One word of caution: Many people who have completed this program inculcate that you should not be afraid to add extra rest days or repeat workouts as needed. I would agree with that. More importantly, you absolutely should not skip ahead, nor should run on back to back days in the beginning. The quickest way to halt any progress is through injury, so take your time and enjoy the run!
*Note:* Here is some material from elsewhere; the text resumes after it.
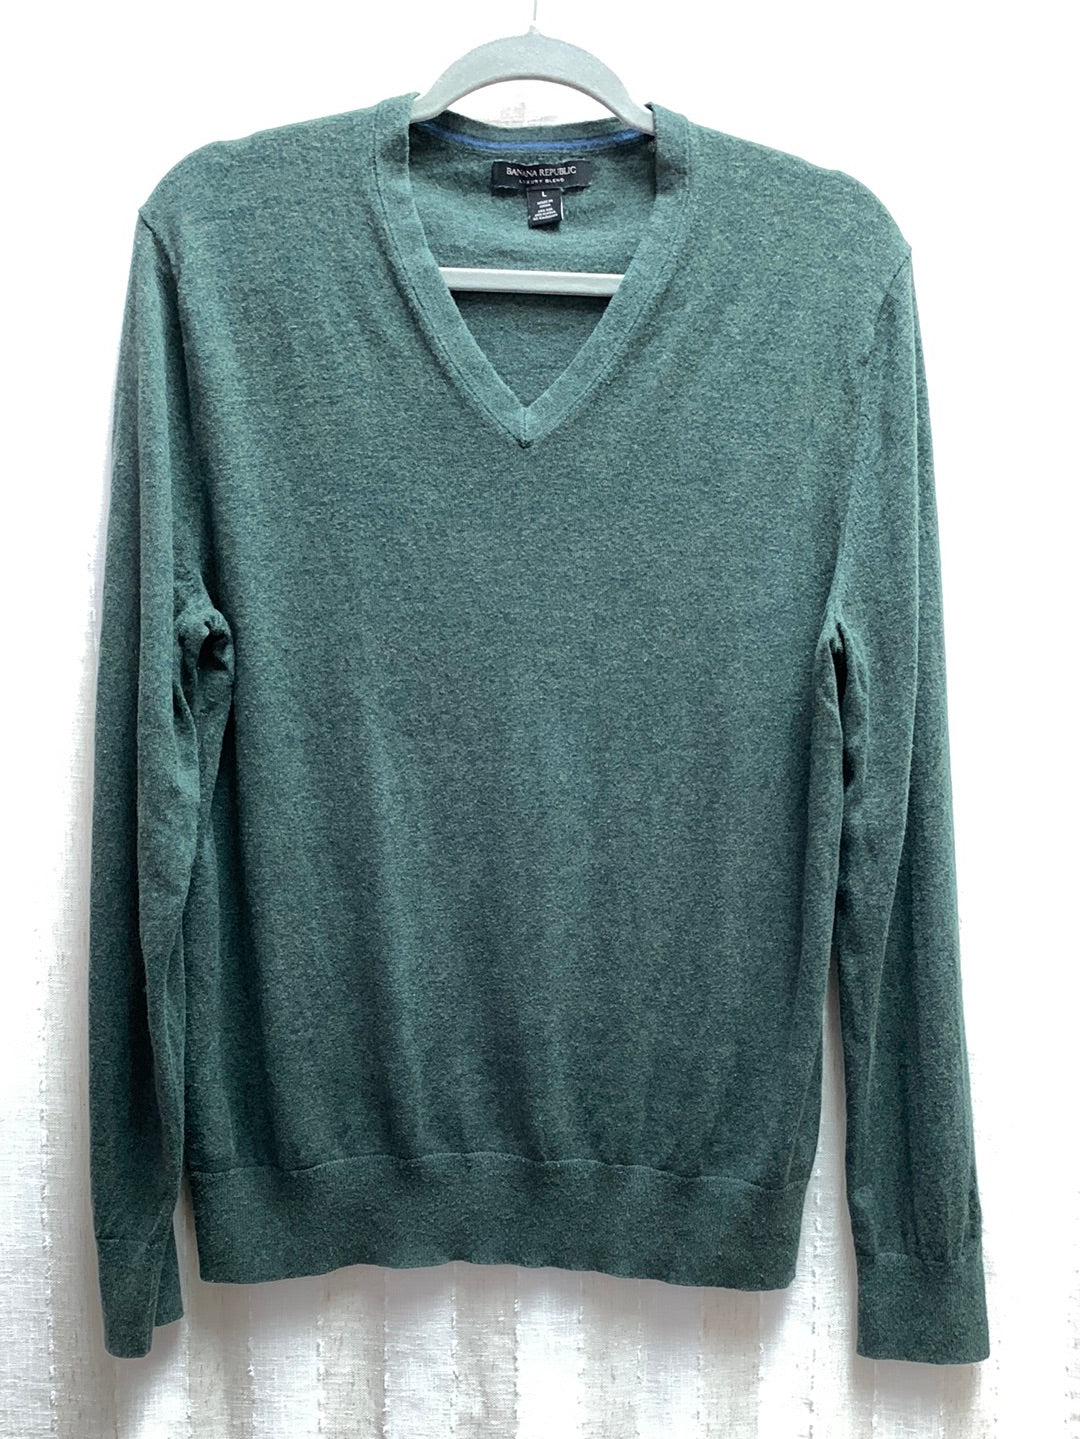 BANANA REPUBLIC marled green navy Luxury Silk Cotton Cashmere Sweater - Large
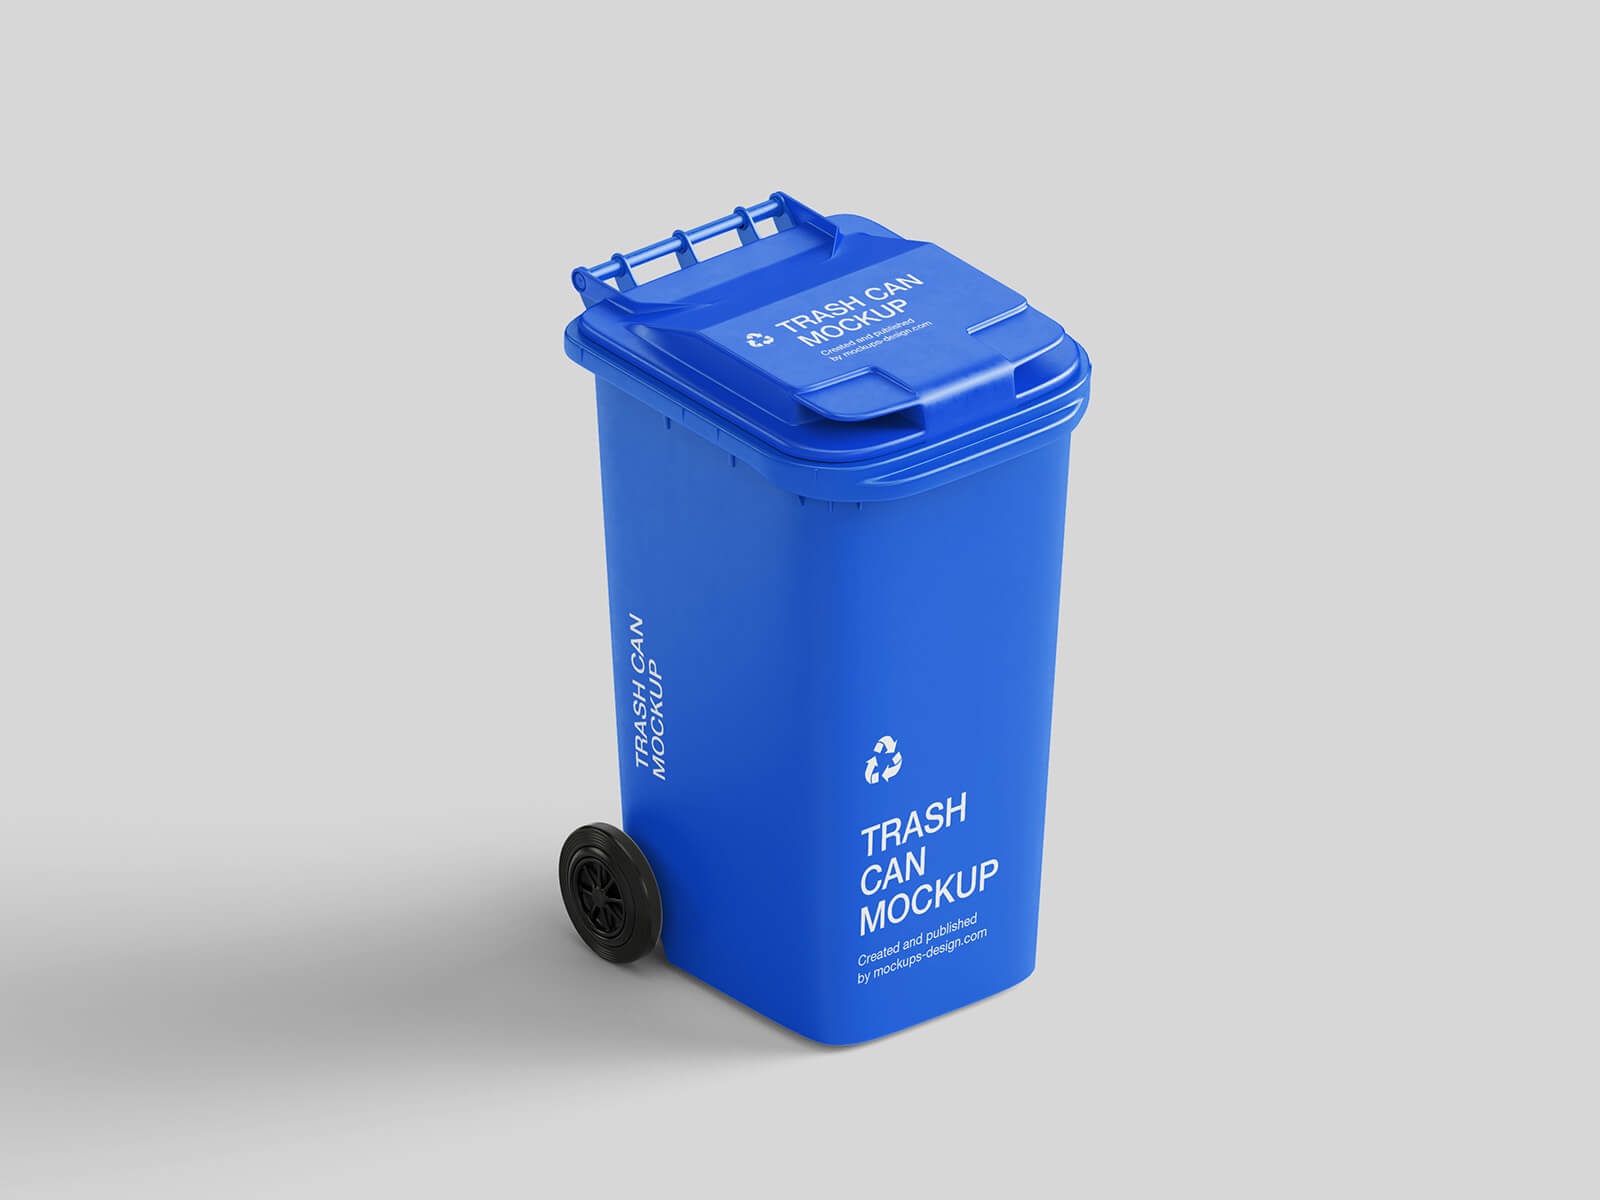 5 Free Garbage Bin / Trash Can Mockup PSD Files

Below are links to posts breaking down each of the programs individually, along with the raw data and code used to create the charts and analyis.

Thanks for reading!

Couch to 5K

Faster 5K

Half Marathon Goal


# clean up (this clears out the previous environment)
ls()

# Load Packages 
library(tidyverse)
library(wordcloud2)
library(mosaic)
library(readxl)
library(hrbrthemes)
library(viridis)

# Likert Data Packages
library(psych)
library(FSA)
library(lattice)
library(boot)
library(likert)

#install.packages("wordcloud")
library(wordcloud)
library(tm)
library(wordcloud)


# Grid Extra for Multiplots
library("gridExtra")

# Multiple plot function (just copy paste code)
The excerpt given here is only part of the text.